## Prompt
No pictures belong in the copy. Retype exactly, and only, the stretch of lines below from the one with "ALUONI 5x3ft Surfboard,Tropical" through the one with "Tractor Coloring Pages".

Segment Start: Data shown

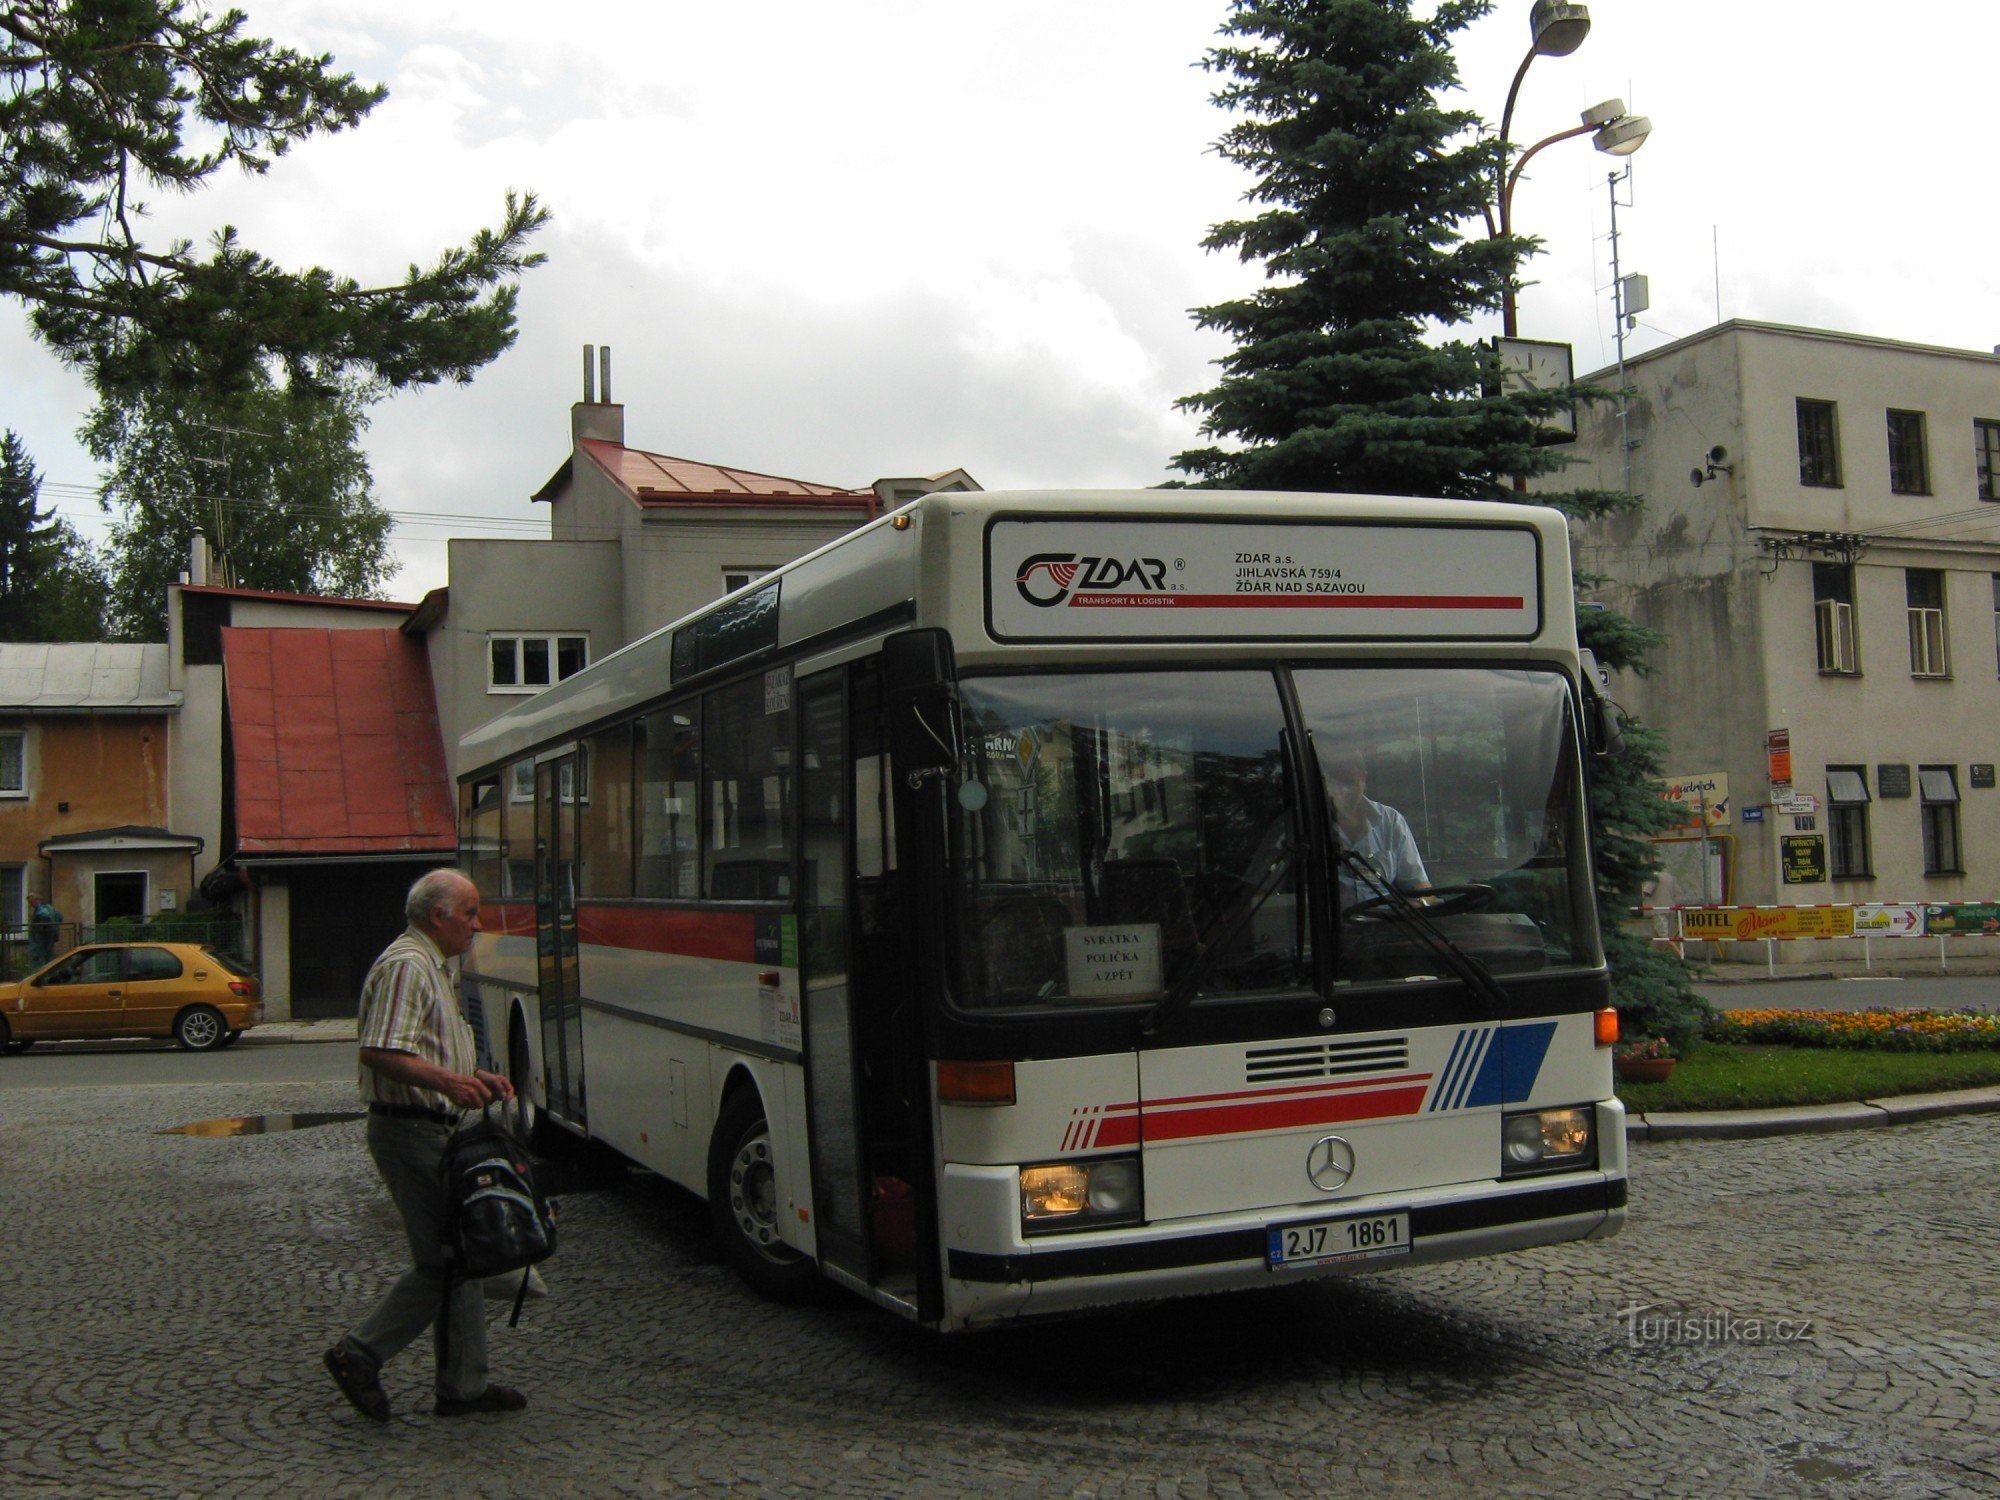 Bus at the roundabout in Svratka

Segment End: Data shown
Segment Start: Data shown

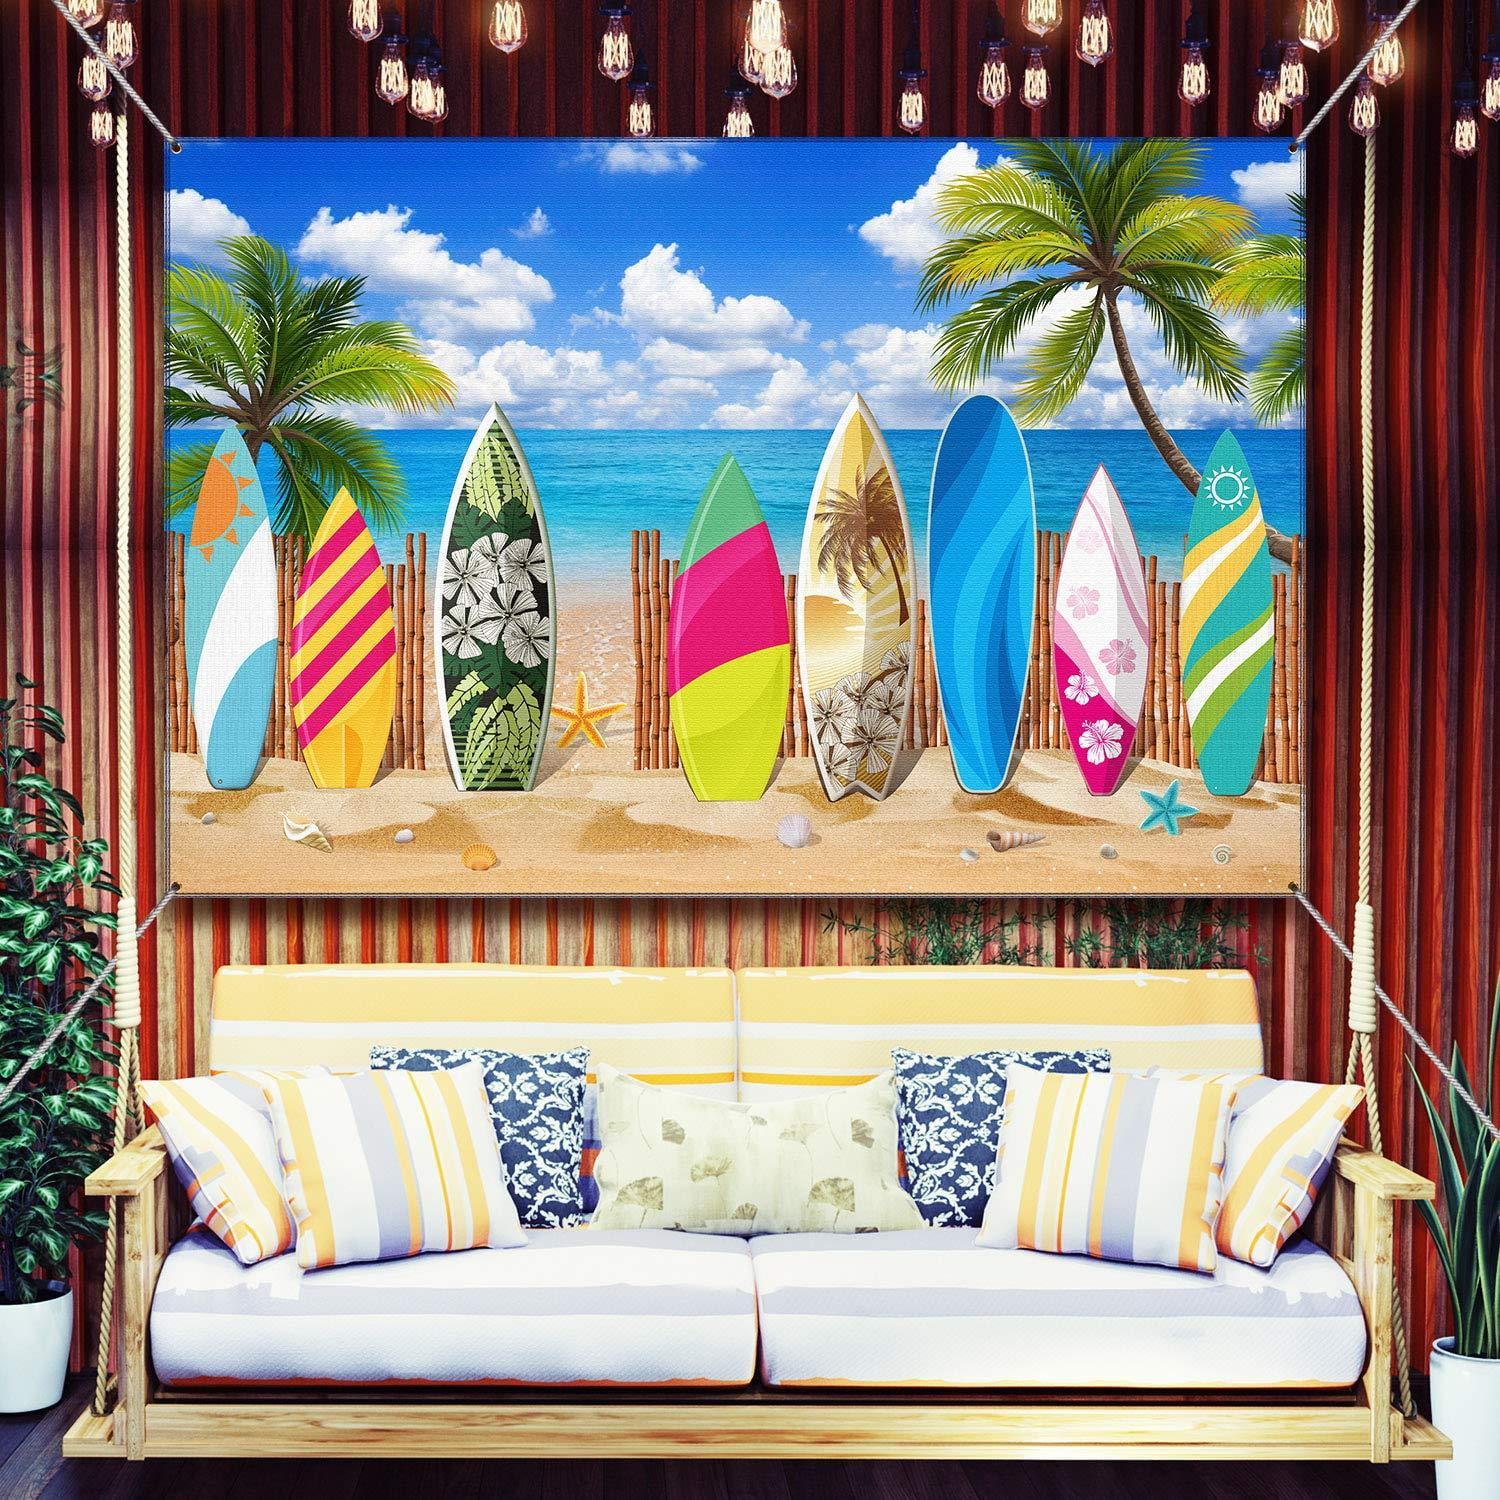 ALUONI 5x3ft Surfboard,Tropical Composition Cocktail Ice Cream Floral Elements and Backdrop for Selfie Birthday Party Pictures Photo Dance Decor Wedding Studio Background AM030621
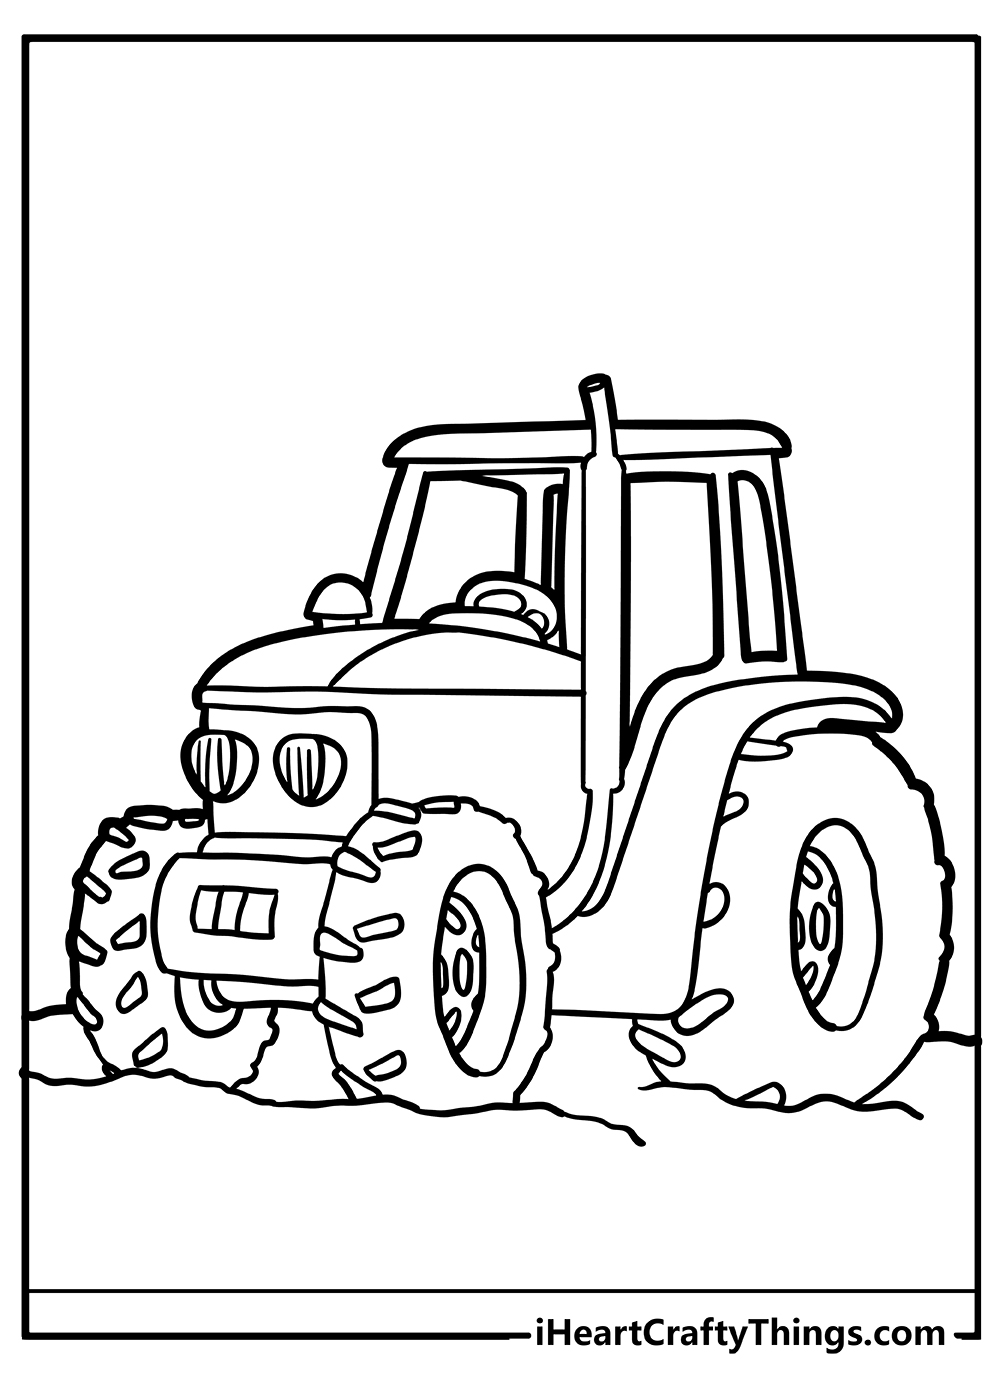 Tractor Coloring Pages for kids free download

Segment End: Data shown

## Reply to the task
 ALUONI 5x3ft Surfboard,Tropical Composition Cocktail Ice Cream Floral Elements and Backdrop for Selfie Birthday Party Pictures Photo Dance Decor Wedding Studio Background AM030621
 Tractor Coloring Pages for kids free download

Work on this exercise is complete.